REQUIRED WORK: Starting with the line that has "Una mujer trabaja" in the records below and ending with the line that has "Deadpool Loose Complete", output those lines exactly and nothing more; omit the pictures.

MATERIAL FOR THE TASK:

══════════

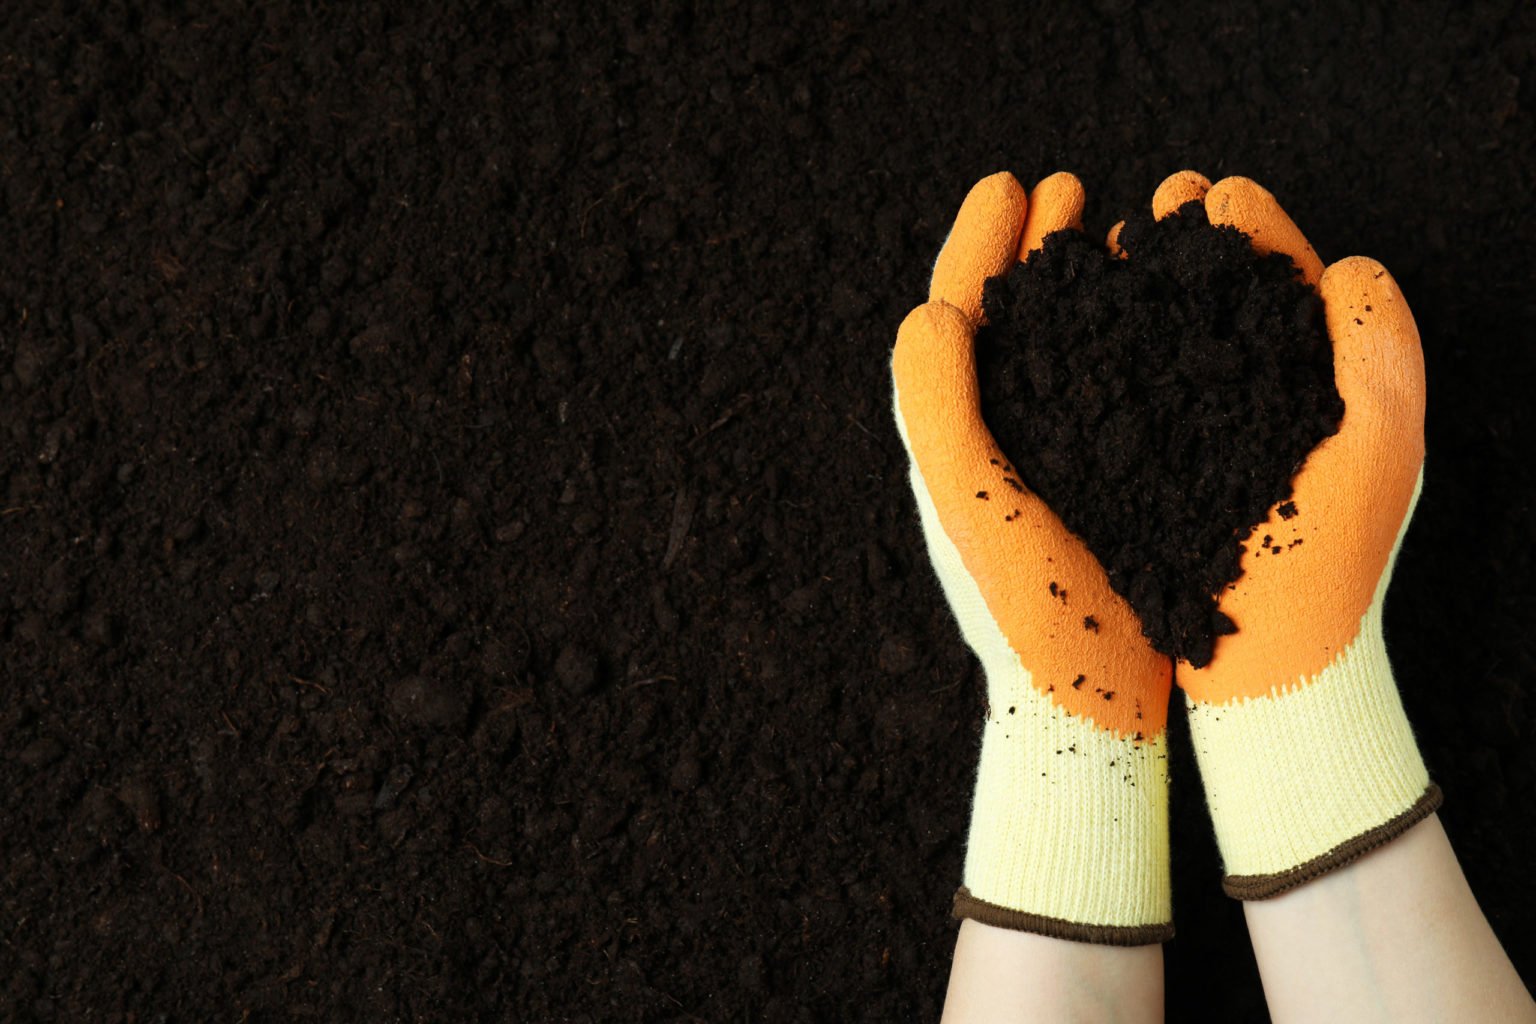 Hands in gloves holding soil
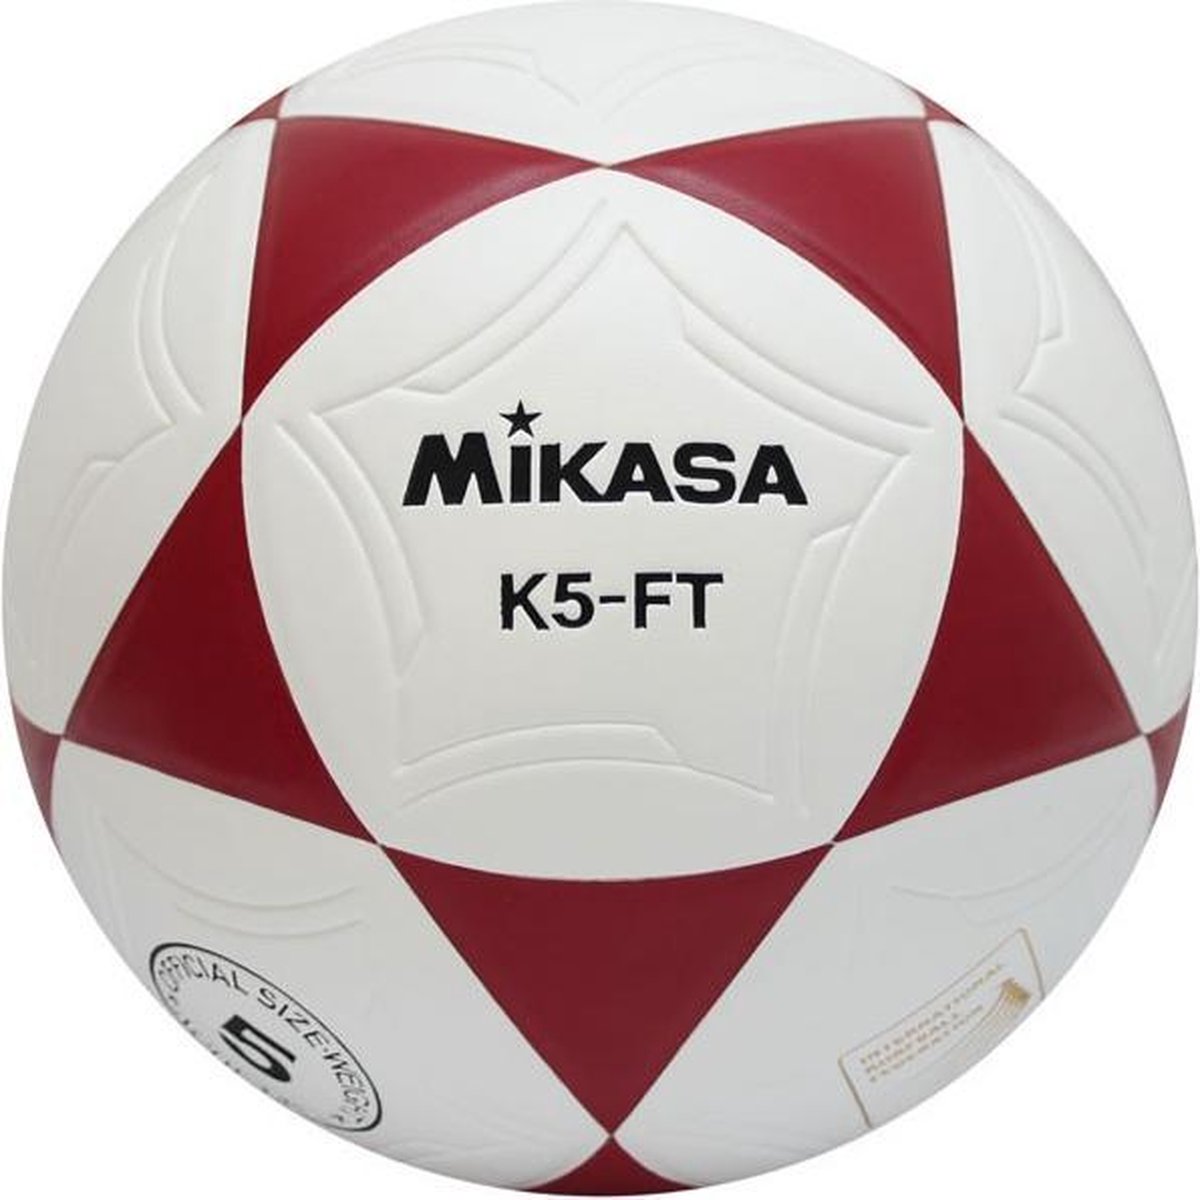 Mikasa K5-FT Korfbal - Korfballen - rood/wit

══════════

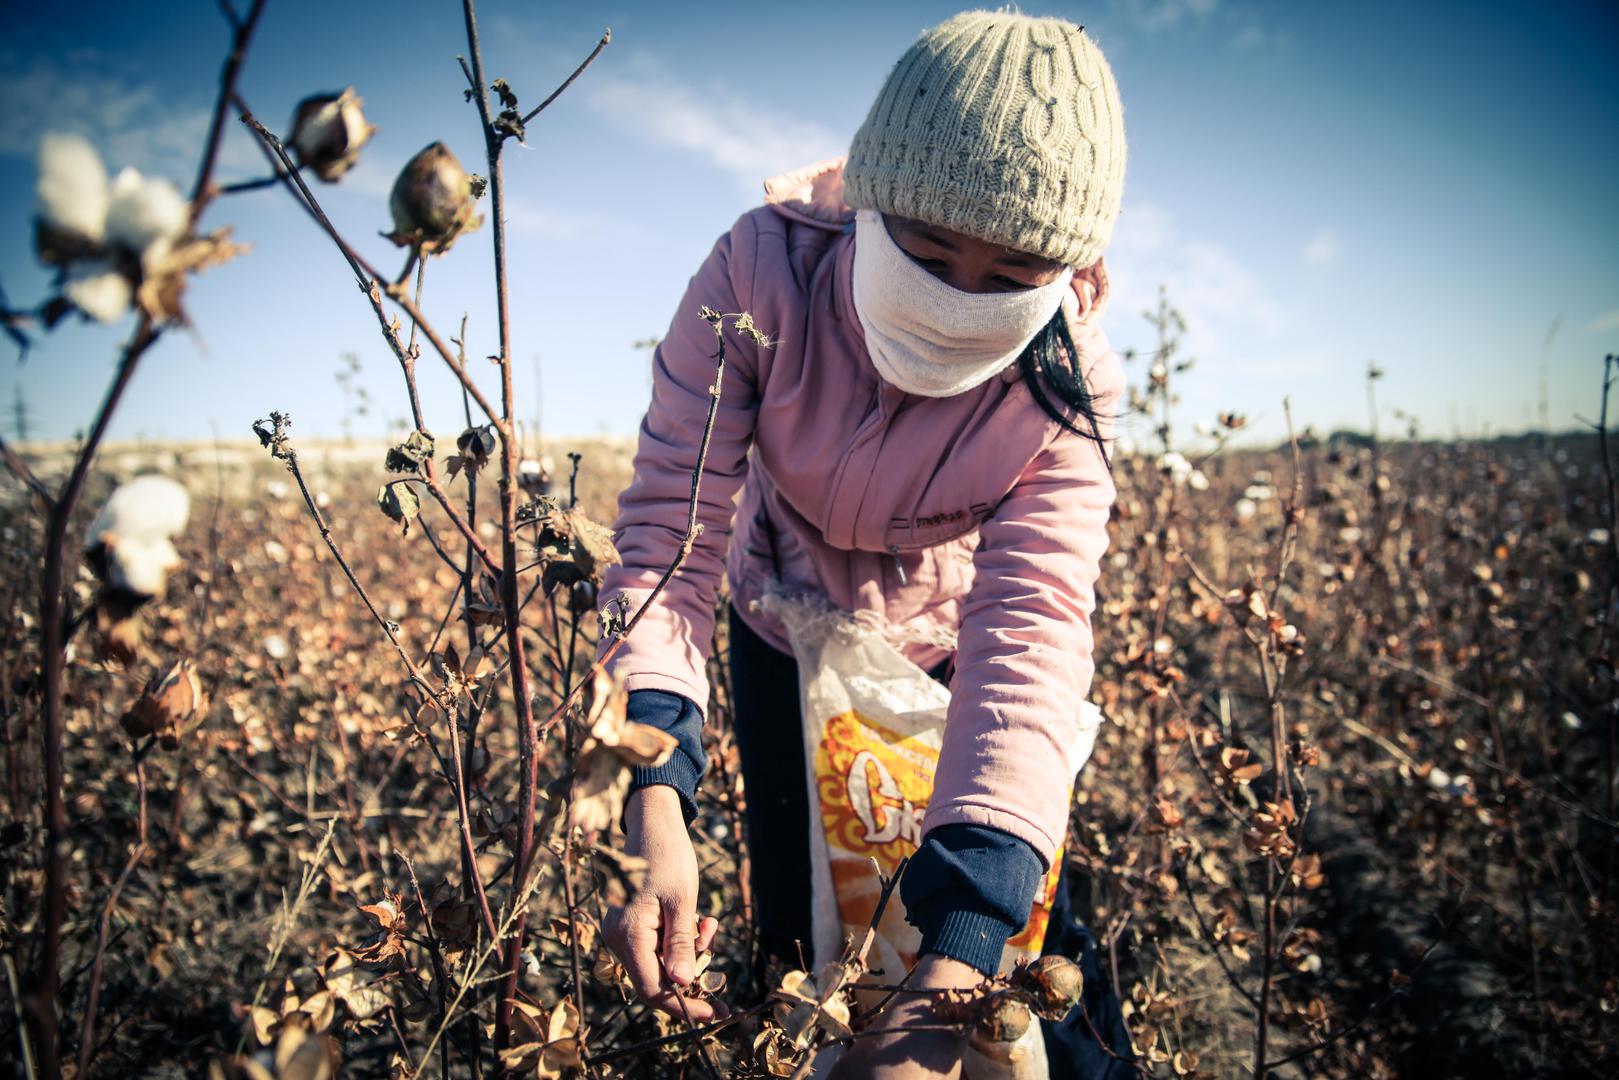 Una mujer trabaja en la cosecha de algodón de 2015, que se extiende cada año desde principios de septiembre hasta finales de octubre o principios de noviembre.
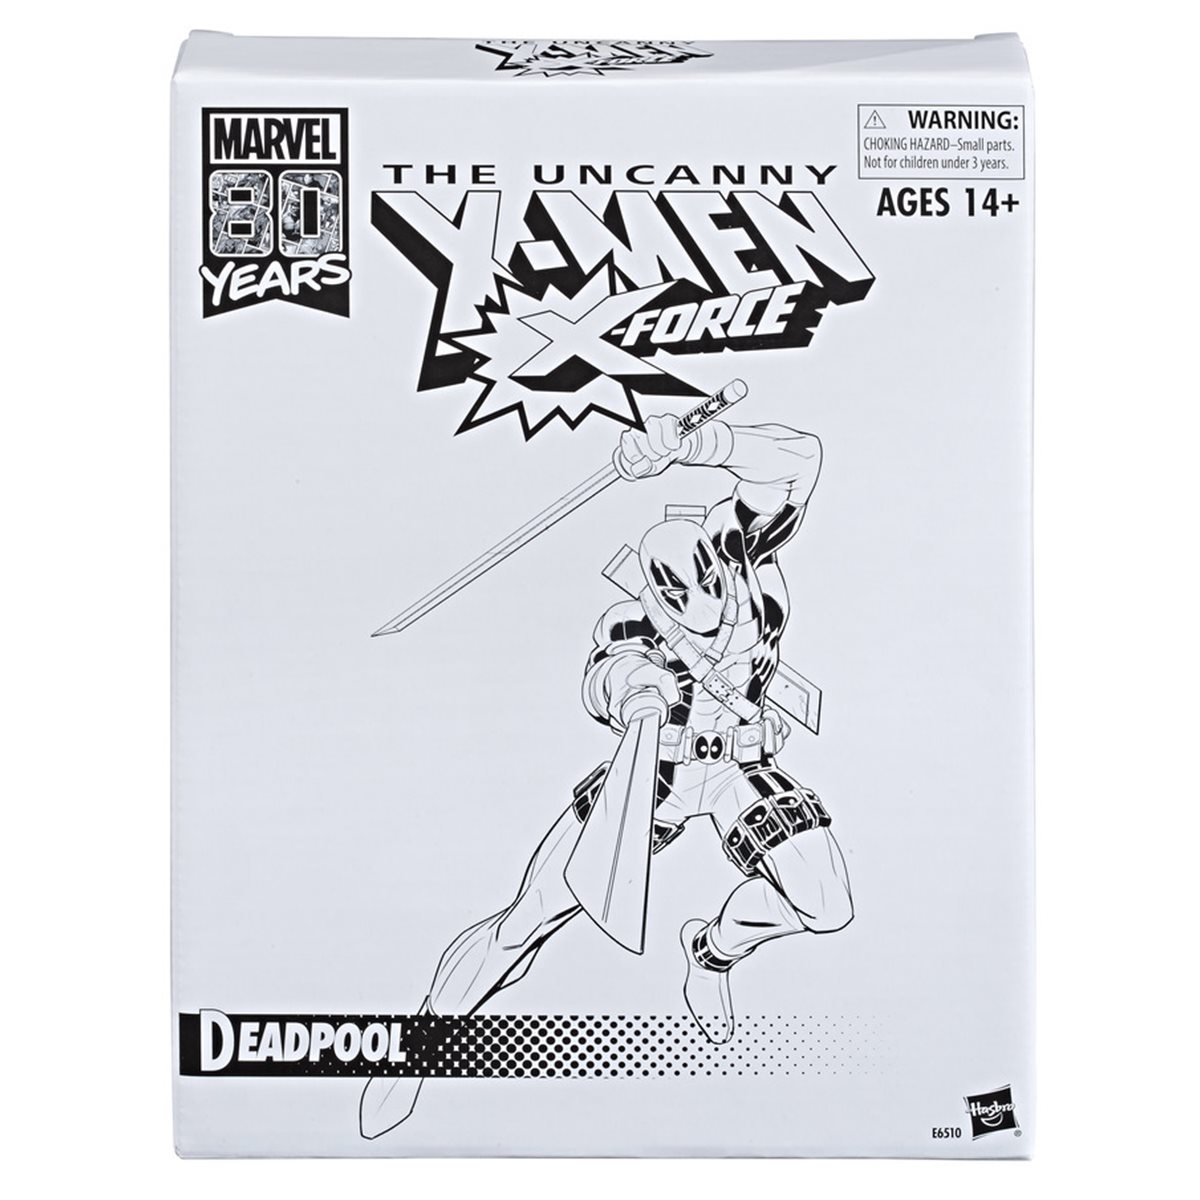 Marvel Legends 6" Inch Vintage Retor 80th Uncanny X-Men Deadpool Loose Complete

══════════

SOLUTION TO THIS PROBLEM:
 Una mujer trabaja en la cosecha de algodón de 2015, que se extiende cada año desde principios de septiembre hasta finales de octubre o principios de noviembre.
 Marvel Legends 6" Inch Vintage Retor 80th Uncanny X-Men Deadpool Loose Complete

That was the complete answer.